*Goal of the exercise*: The data is to be repeated exactly, with the images removed.

*Supplied material*:
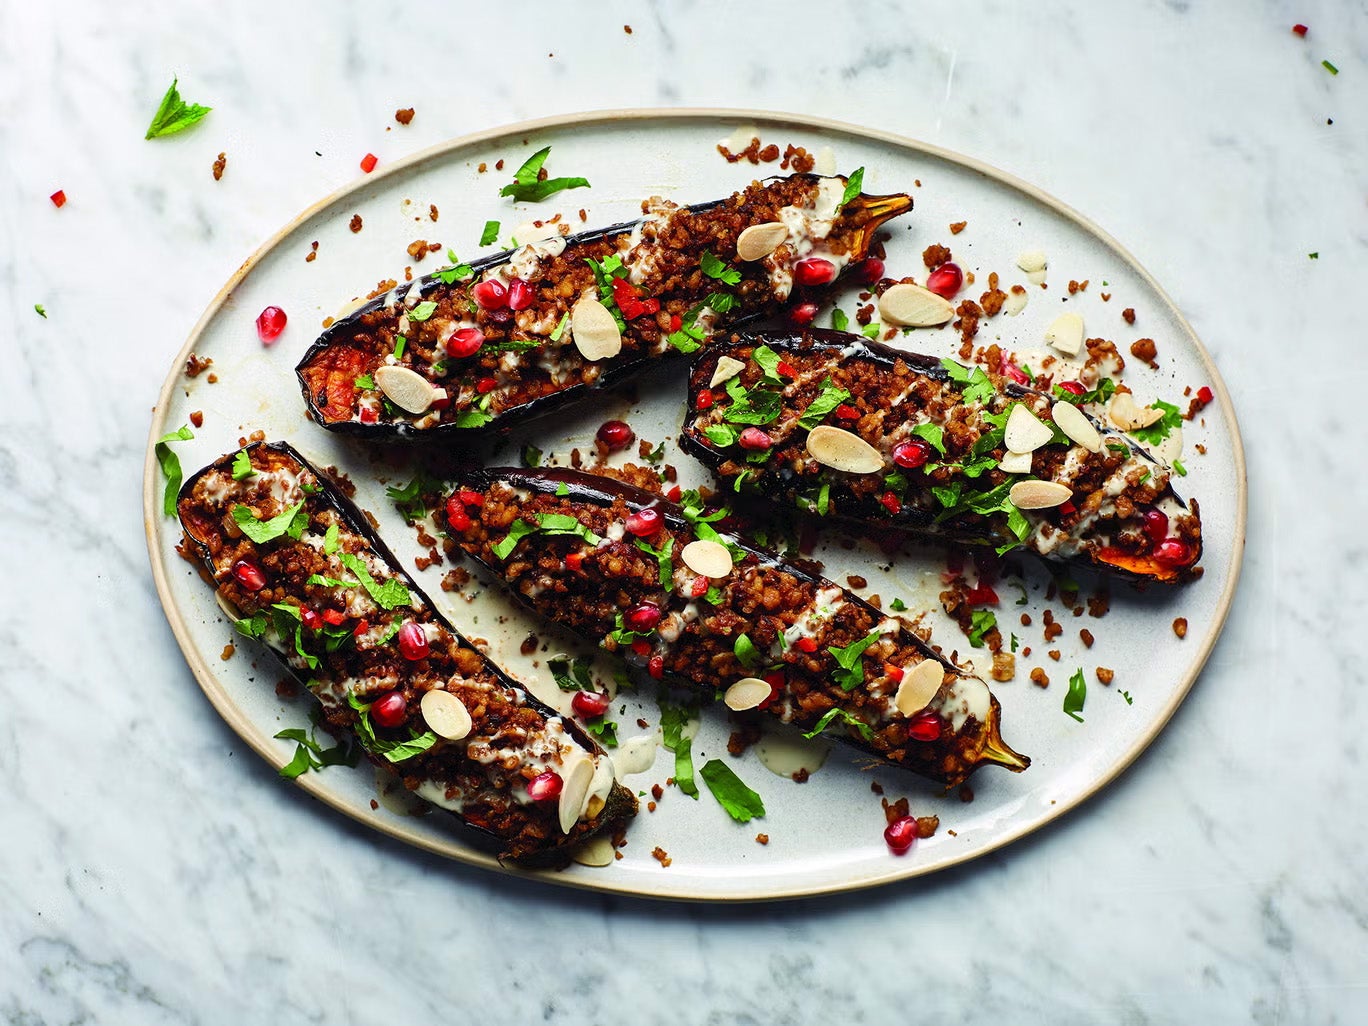 This spicy stuffed aubergine recipe comes packed with flavour – and a fascinating backstory
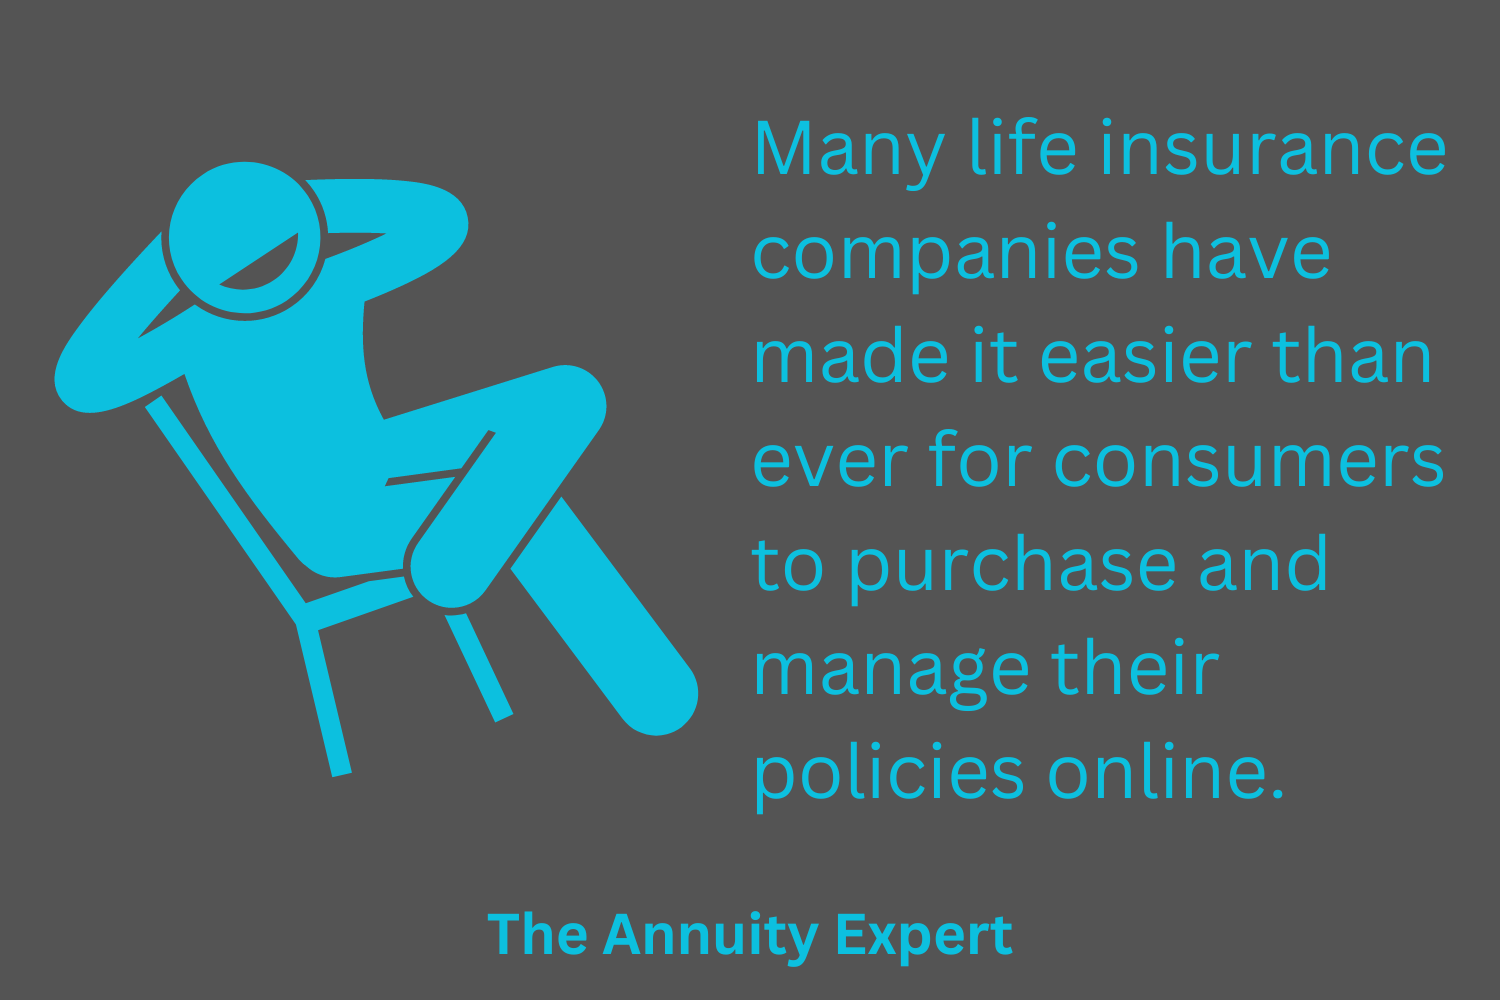 Can You Buy A Life Insurance Policy Completely Online?
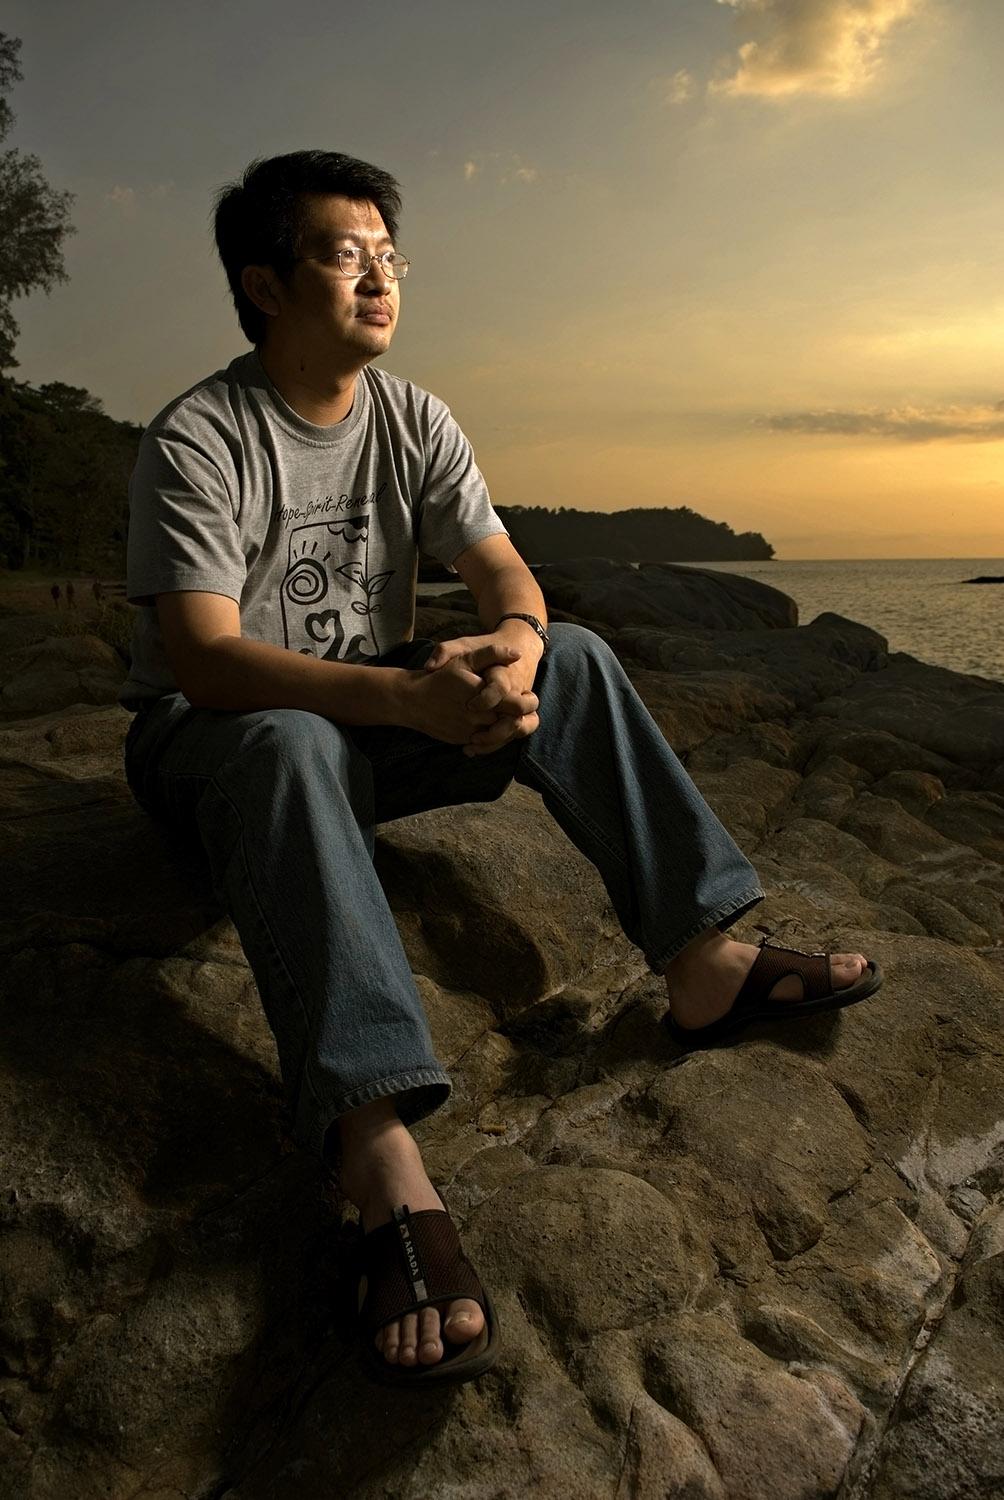 Sombat Boonngamanong, who founded the Mirror Art Group, which works with Thai hilltribe villagers and more recently the Tsunami Volunteer Center, is trying to improve disaster relief in Thailand. Here he is portrayed on the Khao Lak beach which was devastated by the Tsunami of December 2004.

*Answer for the task*:
 This spicy stuffed aubergine recipe comes packed with flavour – and a fascinating backstory
 Can You Buy A Life Insurance Policy Completely Online?
 Sombat Boonngamanong, who founded the Mirror Art Group, which works with Thai hilltribe villagers and more recently the Tsunami Volunteer Center, is trying to improve disaster relief in Thailand. Here he is portrayed on the Khao Lak beach which was devastated by the Tsunami of December 2004.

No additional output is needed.